Reproduce the data below word for word, setting aside any picture it holds.

Dataset section START

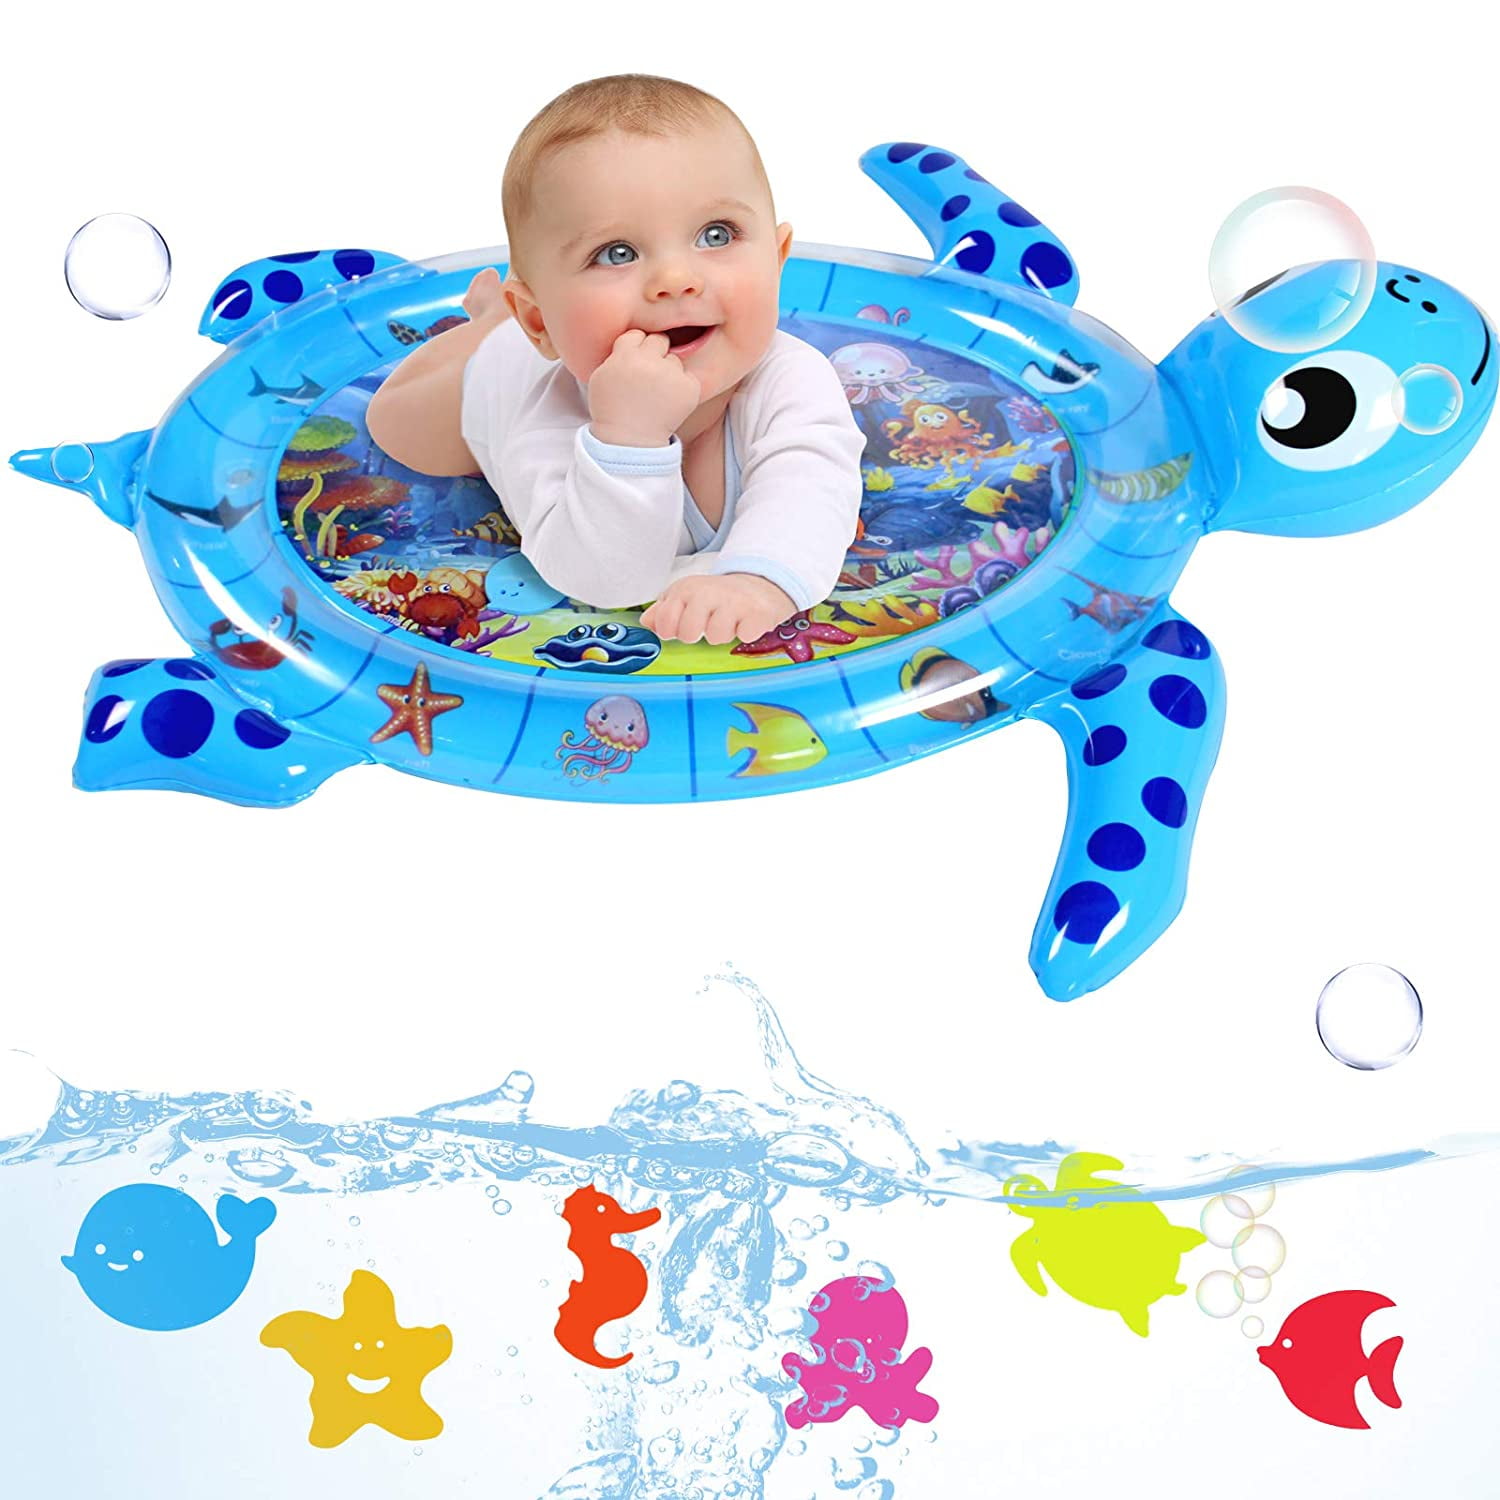 Safe Baby Mirror Developmental Learning Toy For Infant Crib Floor Fun Activity L 
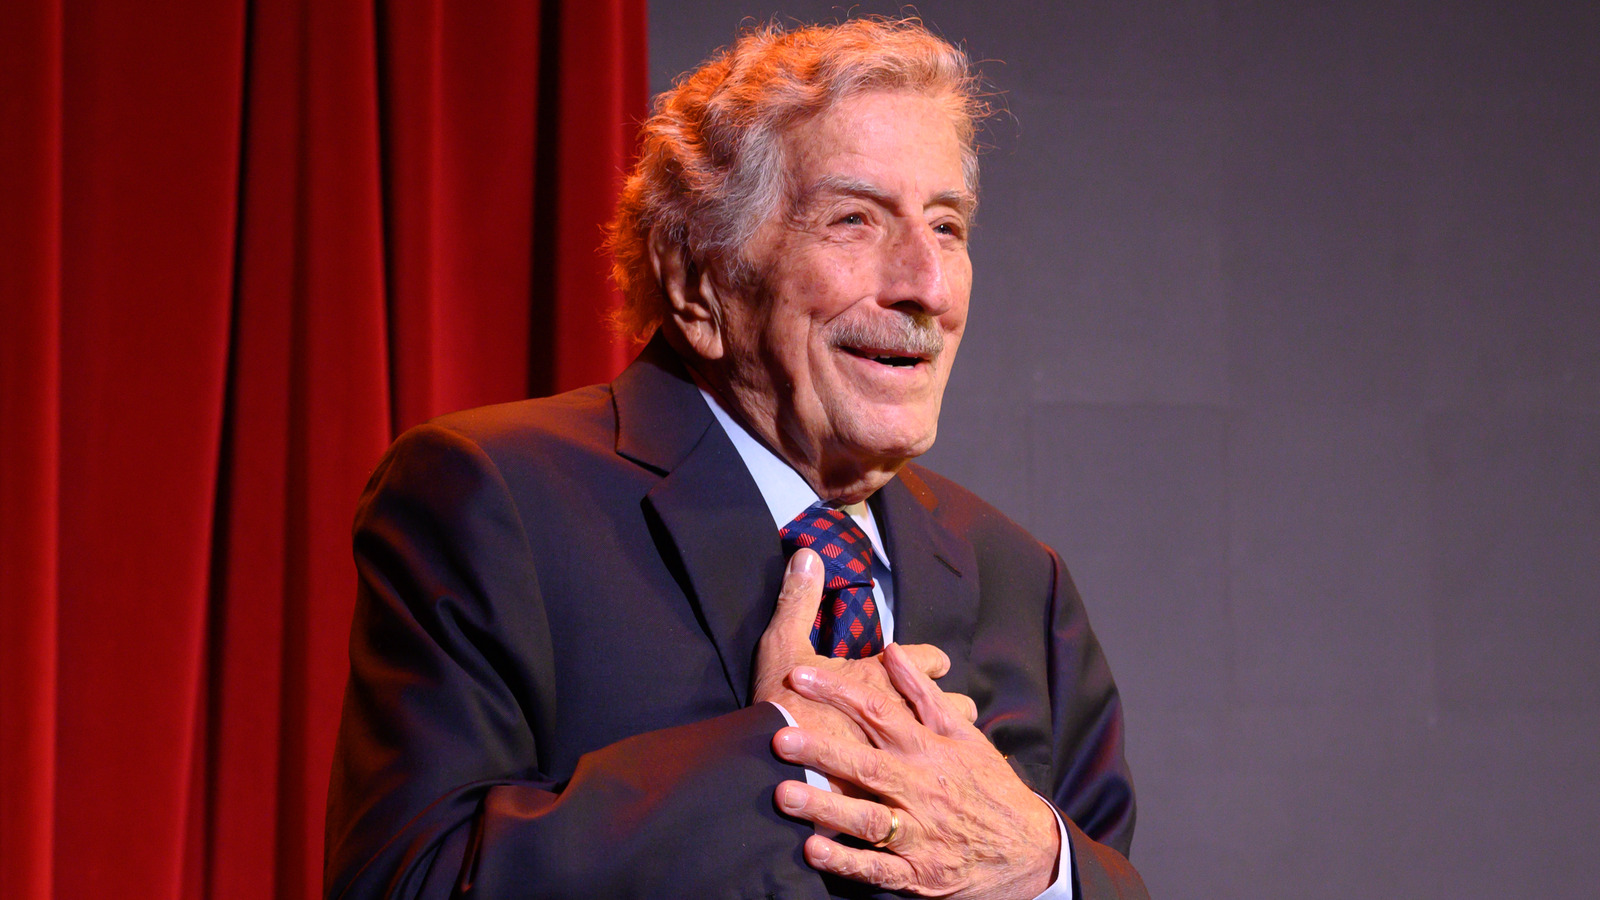 Details About Tony Bennett's Military Career
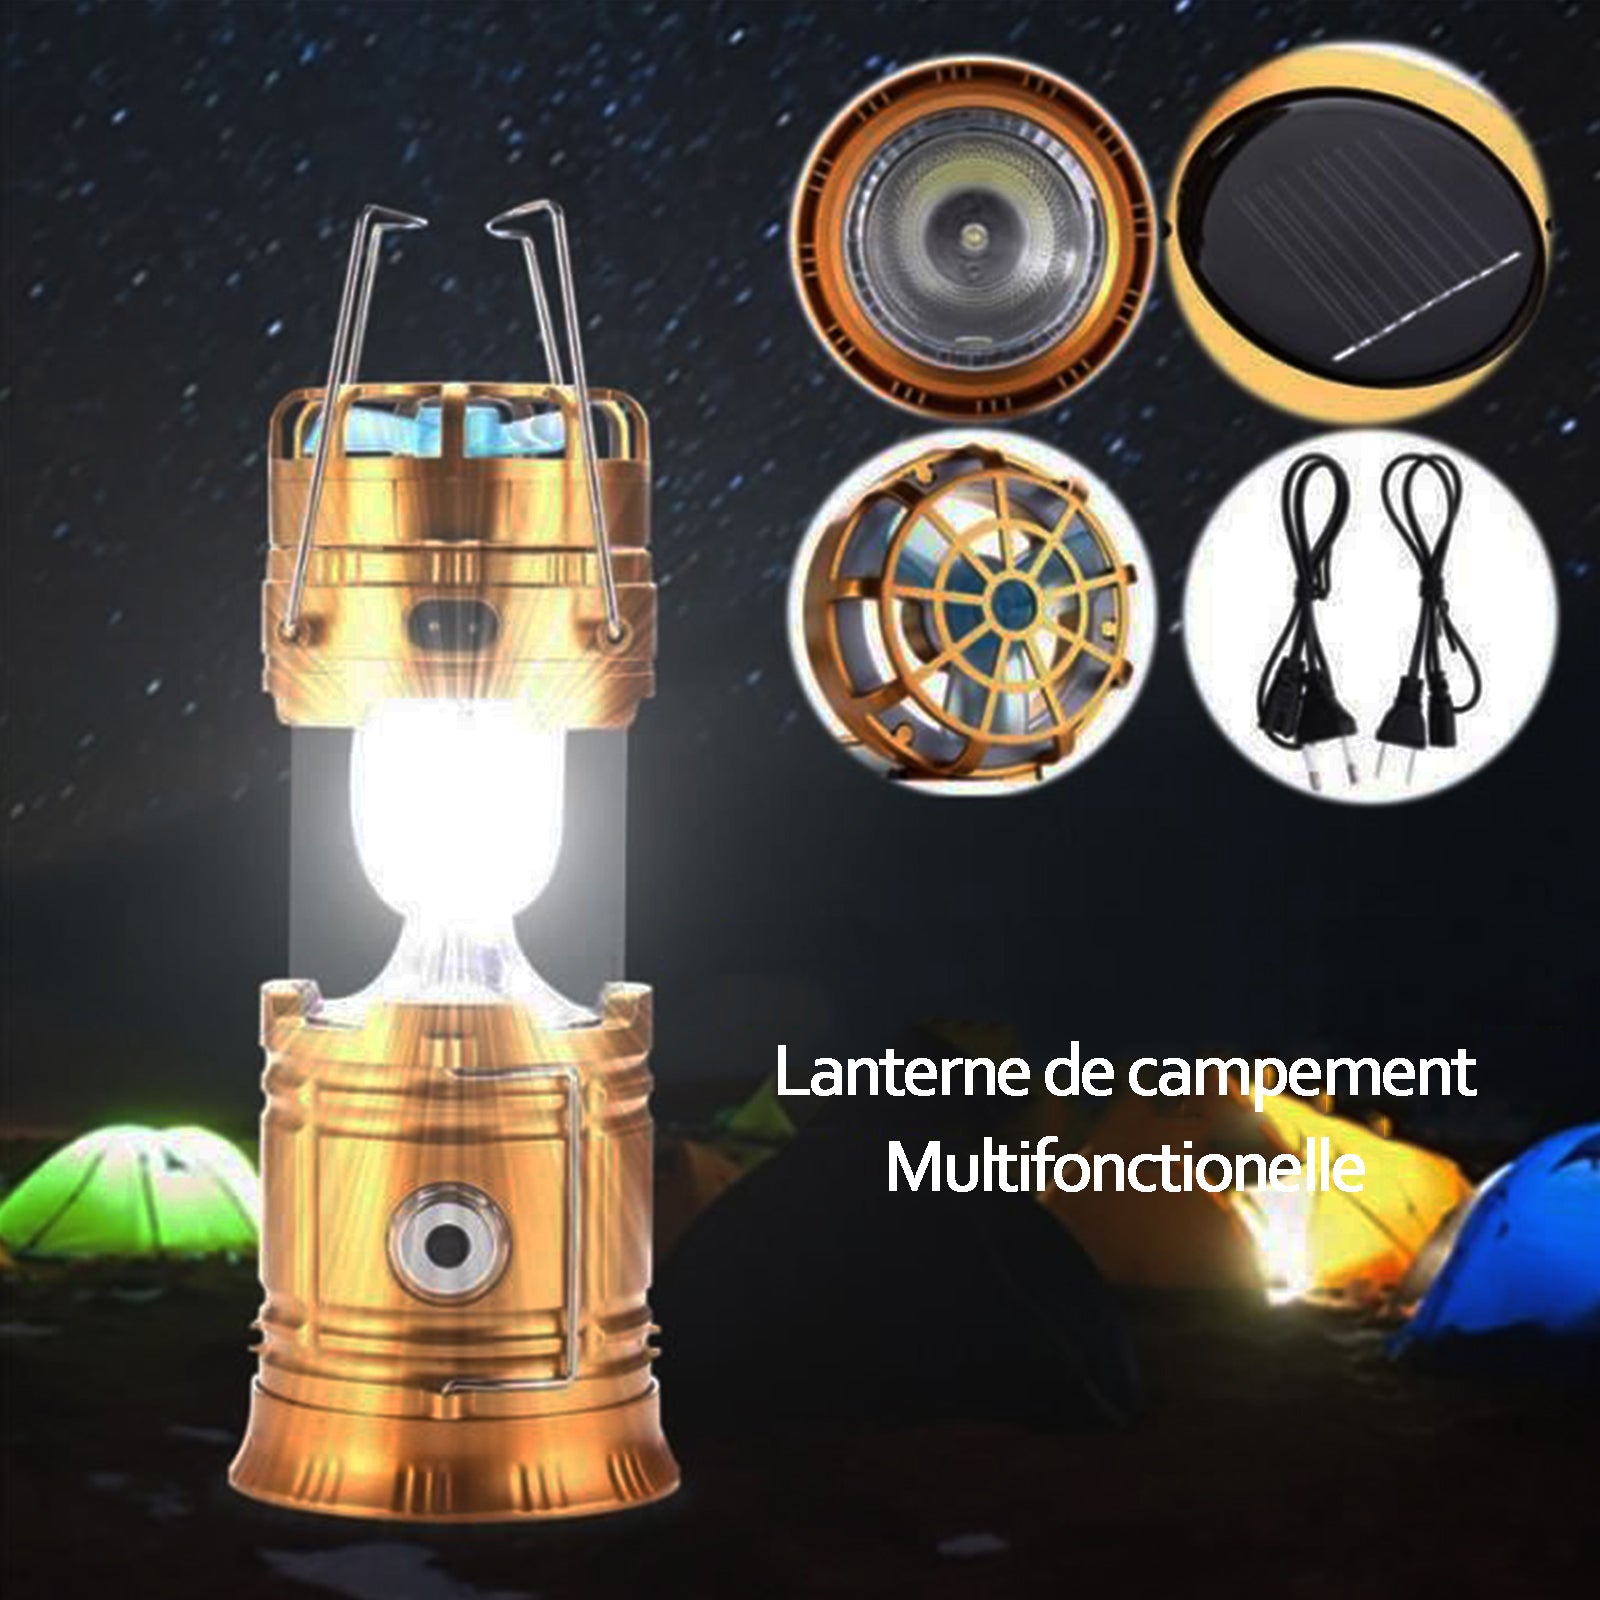 Lampe solaire de camping rechargeable or

Dataset section END

Written answer:
 Safe Baby Mirror Developmental Learning Toy For Infant Crib Floor Fun Activity L 
 Details About Tony Bennett's Military Career
 Lampe solaire de camping rechargeable or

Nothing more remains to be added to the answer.